I am struggling to have R read in a csv file which has some of its columns in standard English characters, some numerical and some fields in Japanese characters.Here is how the data looks like:
category,desc,otherdesc,volume
UPC - 31401 Age Itameabura,かどや製油 純白ごま油,OIL_OTHERS_SML_ECO,83.0
UPC - 31401 Age Itameabura,オレインリッチ,OIL_OTHERS_MED,137.0
UPC - 31401 Age Itameabura,TVキャノーラ油,OIL_CANOLA_OTHERS_LRG,3026.0
Keeping the R's language setting as English, the japanese characters are converted into some gibberish. When I change the language setting in R to Japanese, Sys.setlocale("LC_CTYPE", "japanese")
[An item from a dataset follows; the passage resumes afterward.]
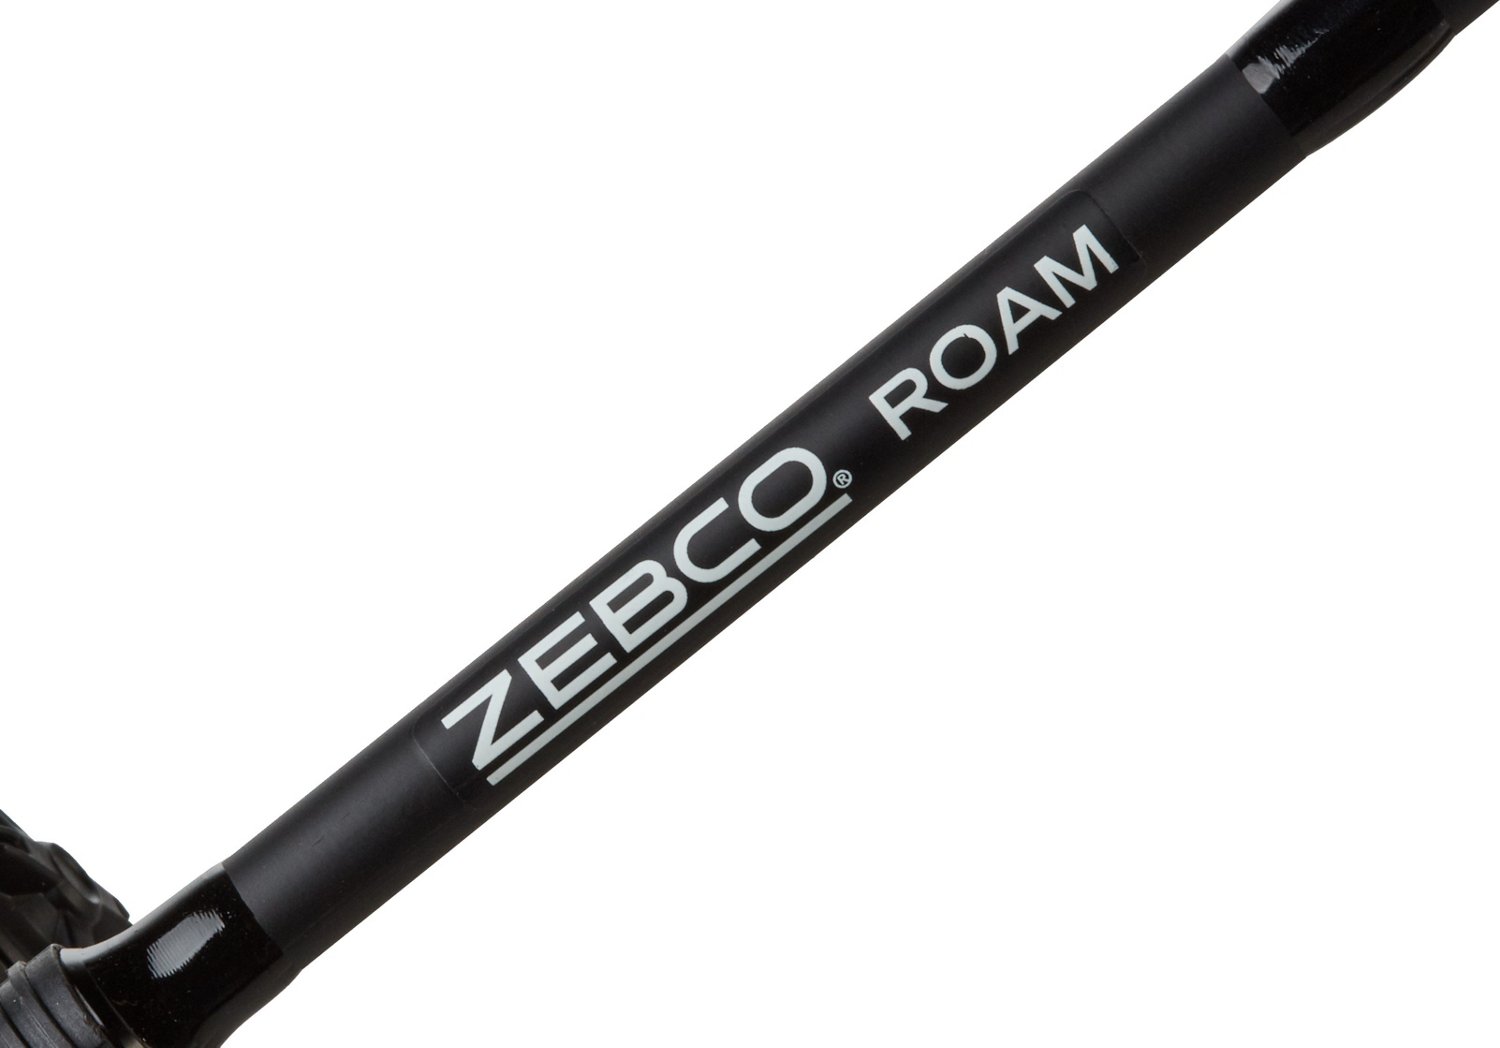 Zebco Roam 30Z 662M Spinning Rod and Reel Combo Pink - Corlane Sporting  Goods Ltd.

, I see the file is not read in at all. R gives an error saying:
Error in make.names(col.names, unique = TRUE) : invalid multibyte string at 'サcategory'
I have no clue what's wrong with my csv file or the header names. Can you guide me as to how can I go about reading this csv file into R so that everything is displayed just as they do in the csv file?
Thanks! Vish
Character encodings. There are several standard methods to encode Japanese characters for use on a computer, including JIS, Shift-JIS, EUC, and Unicode.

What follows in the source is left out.